Making Cuban Trade Easier & Vilsack Talks Greenhouse Gas

Making Cuban Trade Easier & Vilsack Talks Greenhouse Gas

Making Cuban Trade Easier & Vilsack Talks Greenhouse Gas plus Food Forethought. I’m Greg Martin with today’s Northwest Report.

USDA and the dairy industry now have a memorandum of understanding in place to reduce greenhouse gas emissions and build new manure-to-energy projects. Agriculture Secretary Tom Vilsack explains the need for utilizing more efficient technologies and how it can benefit farmers.

VILSACK: We know for example that anaerobic digesters can convert animal manure into electricity. It’s already being done in farms around the country and it represents a powerful, renewable resource. In fact a 700 head dairy herd can power 200 homes with electricity, yet today only 2% of the dairy farms are utilizing this dairy power and as a result there are a number of opportunities for profitable and sustainable sources of energy on our farms.
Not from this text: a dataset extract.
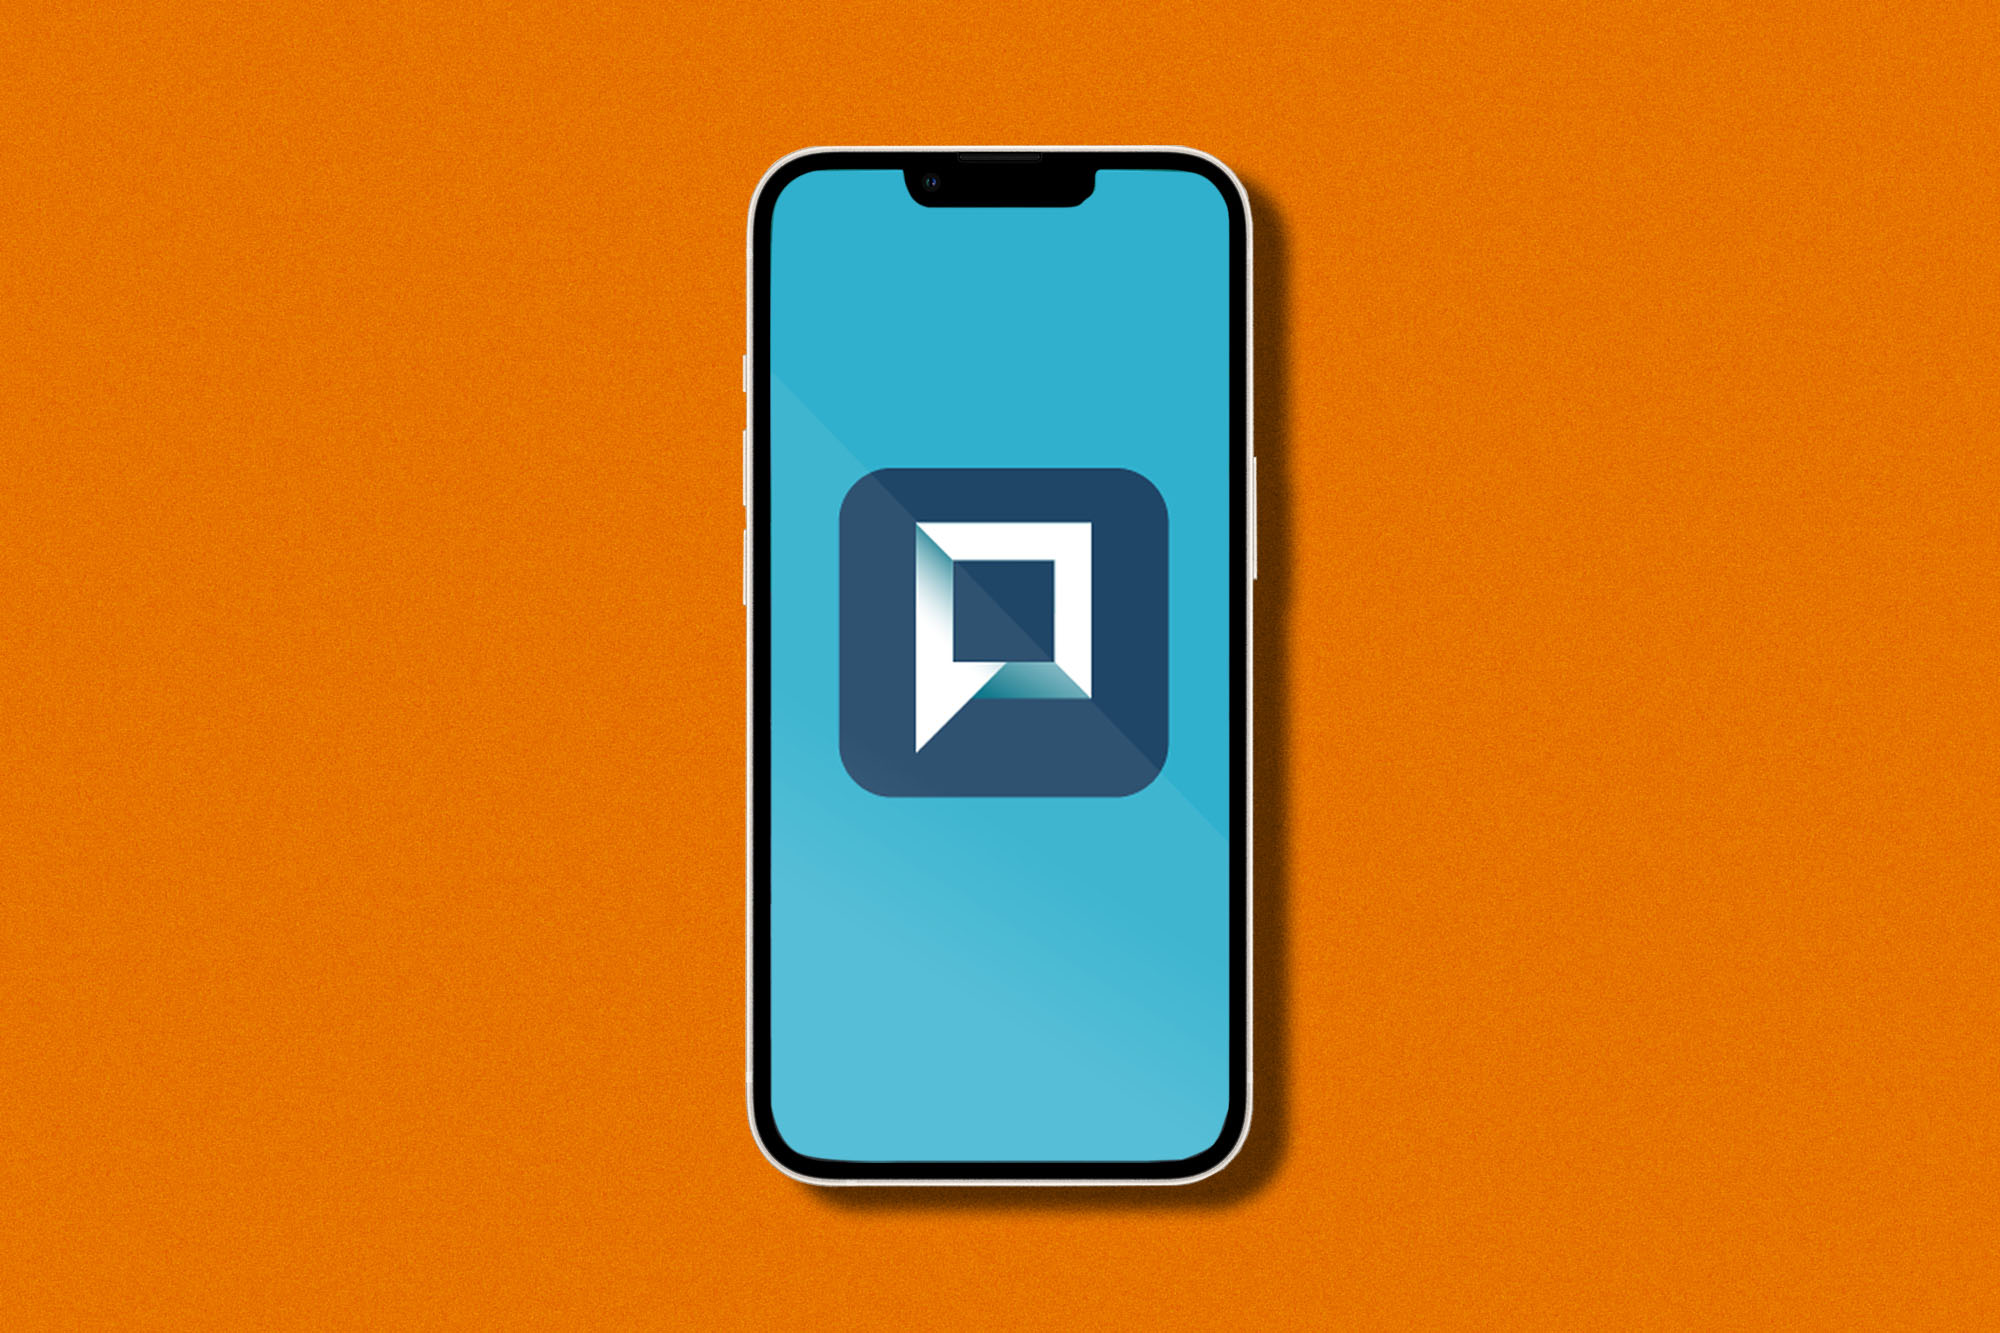 Phone with UVA Telehealth app icon
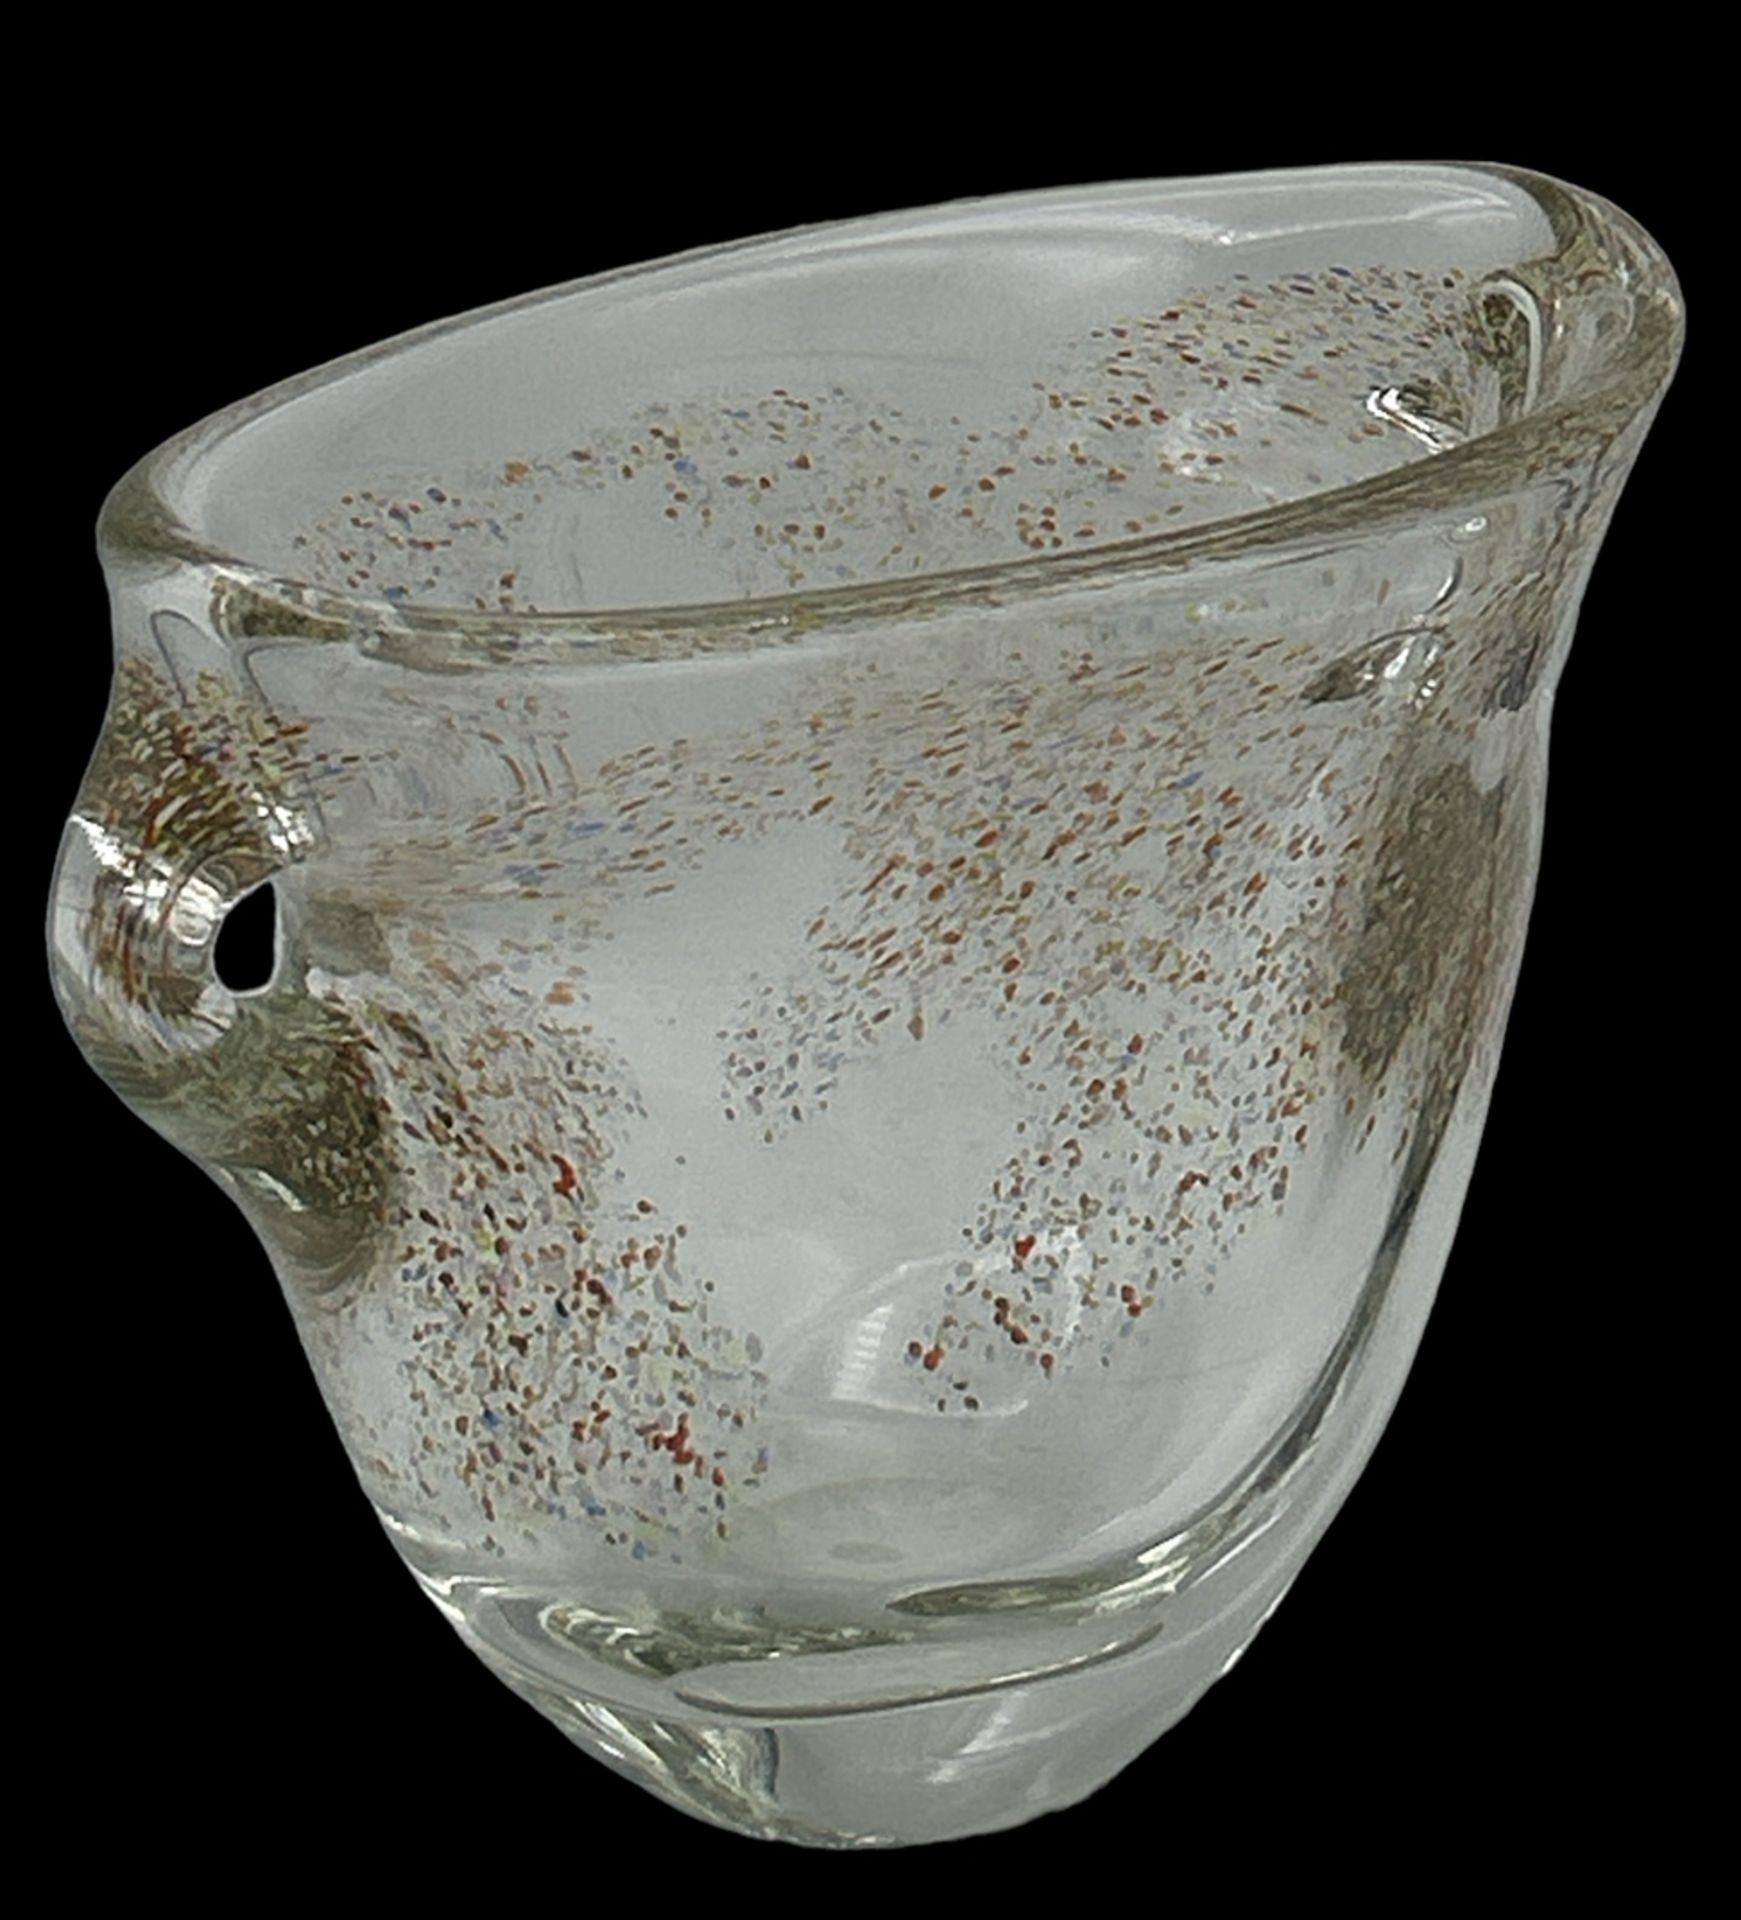 grosse, schwere ovoide Kunstglas-Vase mit bunten Einschmelzungen, H-18 cm, 23x12 cm - Image 2 of 3

The Senate approved a provision on Sunday to facilitate cash sales of U.S. farm goods to Cuba.  Senate Finance Committee Chairman Max Baucus says the new provision would allow Cuban buyers to wire payments directly to the United States while the goods are in transit. Congress authorized cash sales of U.S. farm goods to Cuba in 2000 but the Bush administration issued rules in 2005 requiring Cuba to pay for the goods through third-country banks before the products left port.

Now with today’s Food Forethought, here’s Lacy Gray.

Explain to me, if you can, the logic behind the existence of state and federal estate taxing. No matter which direction you approach estate taxing the only logical reason for its existence is greed and because “they” can. Hasn’t the monies and properties involved in any estate already been taxed multiple times during the original owner’s lifetime? By all means if it can be proven that either of the former in an estate hasn’t already been taxed then do so. But to impose yet another tax onto the remaining assets of an estate at the demise of its owner is loathsome.  The common belief that it’s the idle rich that suffer the most from estate taxing is misguided. Those hurt the most by estate taxing are the middle to upper middle class, small business owners, and land and equipment rich but cash poor farmers and ranchers. Many family businesses and farms continue to be lost due to forced liquidation in order to pay estate taxes. Why the U.S. House chose recently to make the tax permanent is a disappointing and devastating mystery.  For a nation started to escape the tyranny of taxation we certainly haven’t made it too far in two hundred and thirty three years. 

Thanks Lacy. That’s today’s Northwest Report. I’m Greg Martin on the Northwest Ag Information Network.